EXERCISE PROMPT:
After locating the line containing "Priced per individual" in the entries below, please write out that line and the rest through the end exactly. Omit pictures.

[Dataset excerpts]
======
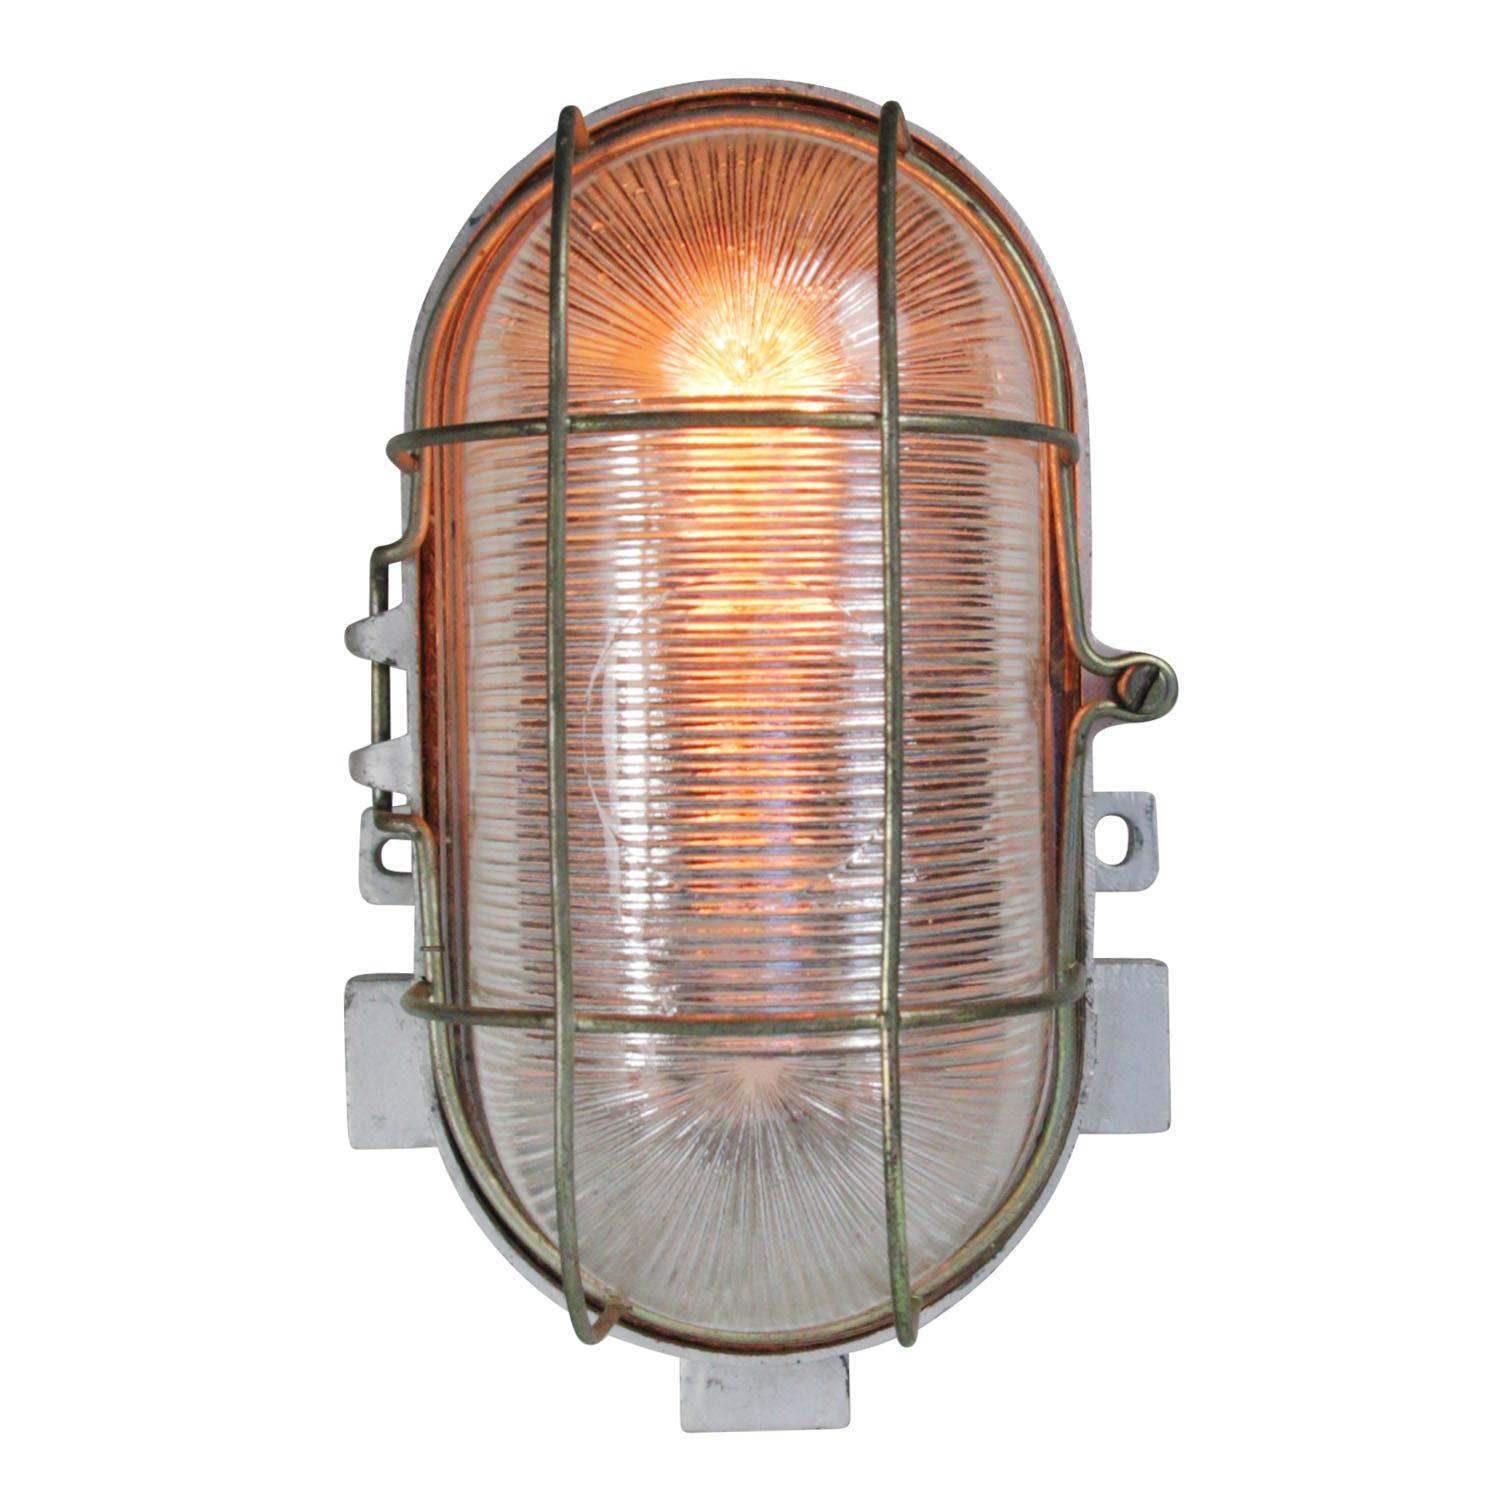 industrial wall or ceiling lamp by RZB Rudolph Zimmerman Bamberg Leuchten
cast aluminum, striped glass

Weight: 0.90 kg / 2 lb

Priced per individual item. All lamps have been made suitable by international standards for incandescent light
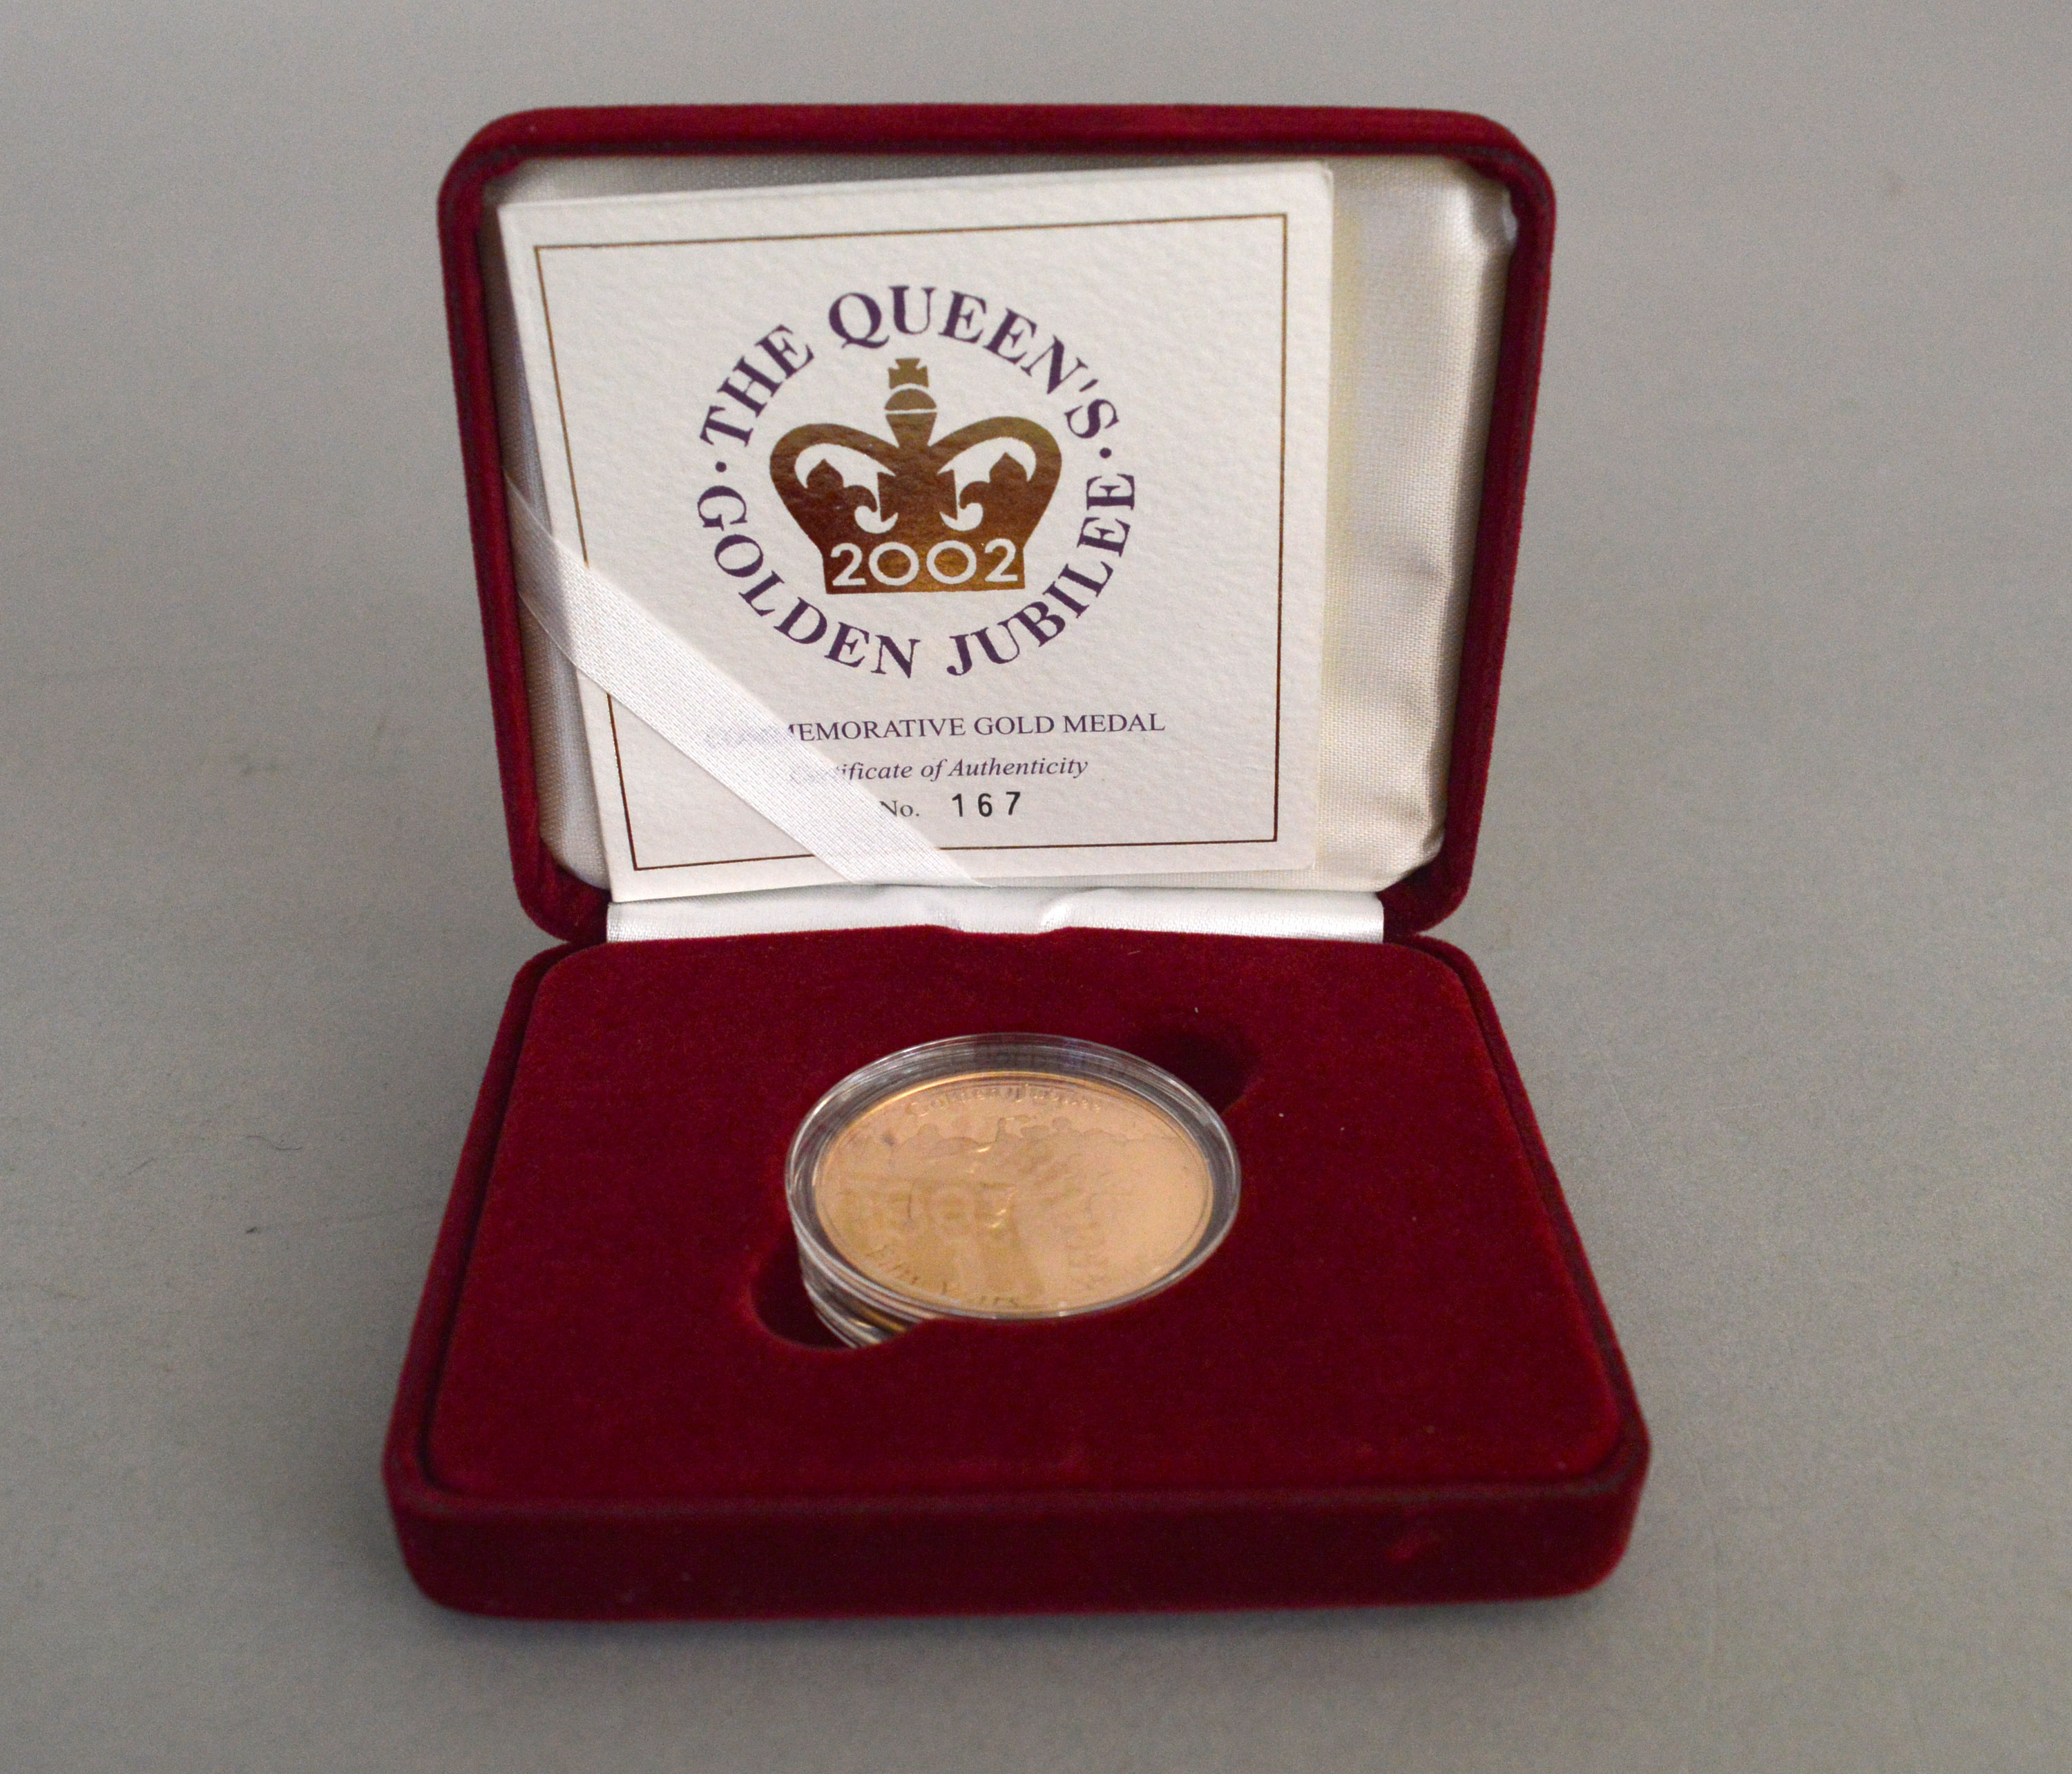 A Royal Mint 22ct gold medal commemorating The Queens Golden Jubilee, ltd edition 167 of 250,
======
WRITTEN SOLUTION:
Priced per individual item. All lamps have been made suitable by international standards for incandescent light
 A Royal Mint 22ct gold medal commemorating The Queens Golden Jubilee, ltd edition 167 of 250,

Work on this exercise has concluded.